Students are responsible for reading assigned materials as additional context for the lectures. Note that, for some readings, only a subset of the material (certain pages or sections) is assigned. Readings are provided below.
This schedule is subject to change.
Topics | Readings |
---|---|
Course intro |
Slides [AGG01] |
Value of privacy |
[M13], [S08], [S06], [C12], [B13] |
[AGG01] Anish Athalye, Jon Gjengset, and Jose Javier Gonzalez Ortiz, Version Control, The Missing Semester of Your CS Education, Jan 2020.
[B13] Katy Glenn Bass, Chilling Effects: NSA Surveillance Drives US Writers to Self-Censor, PEN American Center, Nov 2013.
[C12] Julie E. Cohen, What Privacy in For, Harvard Law Review, Sections I–III, Nov 2012.
[M13] Moxie Marlinspike, We Should All Have Something To Hide, Jun 2013.
[S06] Bruce Schneier, The Value of Privacy, Schneier on Security, May 2006.
[S08] Daniel J. Solove, “I’ve Got Nothing to Hide” and Other Misunderstandings of Privacy, San Diego Law Review, Feb 2008.
Expect 2 to 4 homeworks, each with a ~1-week deadline. Homework assignments will primarily be written, and may include structured journaling, analyzing readings, or applying lecture material to new scenarios. In your written submission, you will be responsible for discussing real-world privacy issues using our course topics and vocabulary as a critical lens.
Homework will be assigned and submitted via GitHub Classroom. Links will be provided via Canvas.
Expect 3 to 4 projects, each with a 2–3-week deadline. Each project will have programming and written components. In each project, you will be asked to investigate a open-ended privacy topic with a research mindset; that is, you’ll be writing code to help you answer specific questions of your own design. In a report, you will then describe your experiments and interpret the results, explaining what it teaches us about the topic and what is still unanswered. In your written submission, you will be responsible for demonstrating that you meaningfully engaged with the material and highlighting what you learned beyond our discussion in lecture.
Projects will be assigned and submitted via GitHub Classroom. Links will be provided via Canvas.
In lecture, we will discuss our goals for the course and collaboratively design an evaluation standard. Our full assessment matrix will be posted to Canvas.

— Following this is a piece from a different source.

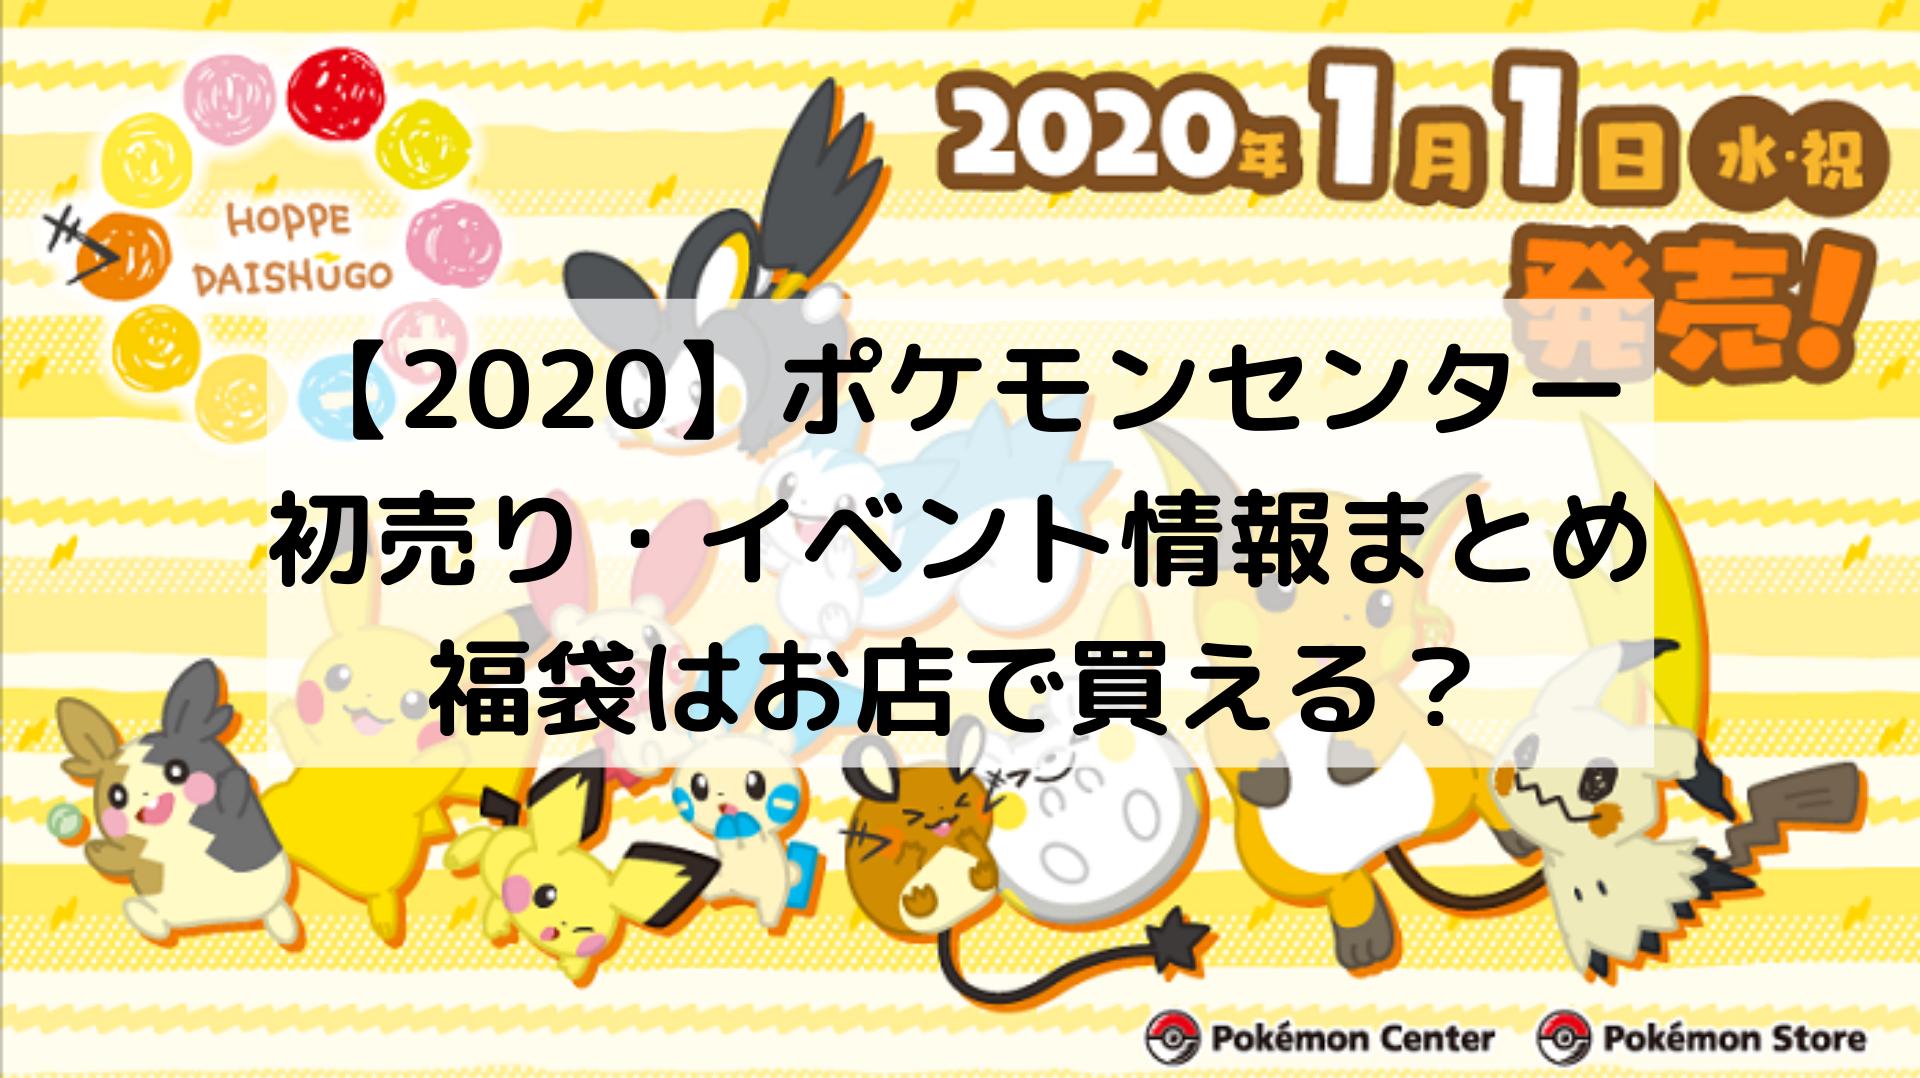 2020 ポケモン 福袋 ポケモンセンター福袋2020、中身ネタバレ!通販・予約方法と発売日

Throughout the semester, you will write several reflections. The first will ask you to reflect on the goals we develop as a group and apply them by discussing your own individual goals. Later reflections will ask you to evaluate your performance, referring to your specific course goals, work you submitted, and feedback you received. You will be asked to grade your work in the course on the “letter grade” scale and support your suggested grade using concrete evidence from your portfolio of deliverables, alongside our assessment matrix. You will receive feedback on your preliminary reflections geared toward helping you continue to grow toward your course goals.
The Final Reflection will be the last submitted deliverable toward the end of the semester and will be used to assign a letter grade for your overall work in the course. The schedule for unreleased assignments is tentative; see Canvas for specific dates once assignments are released.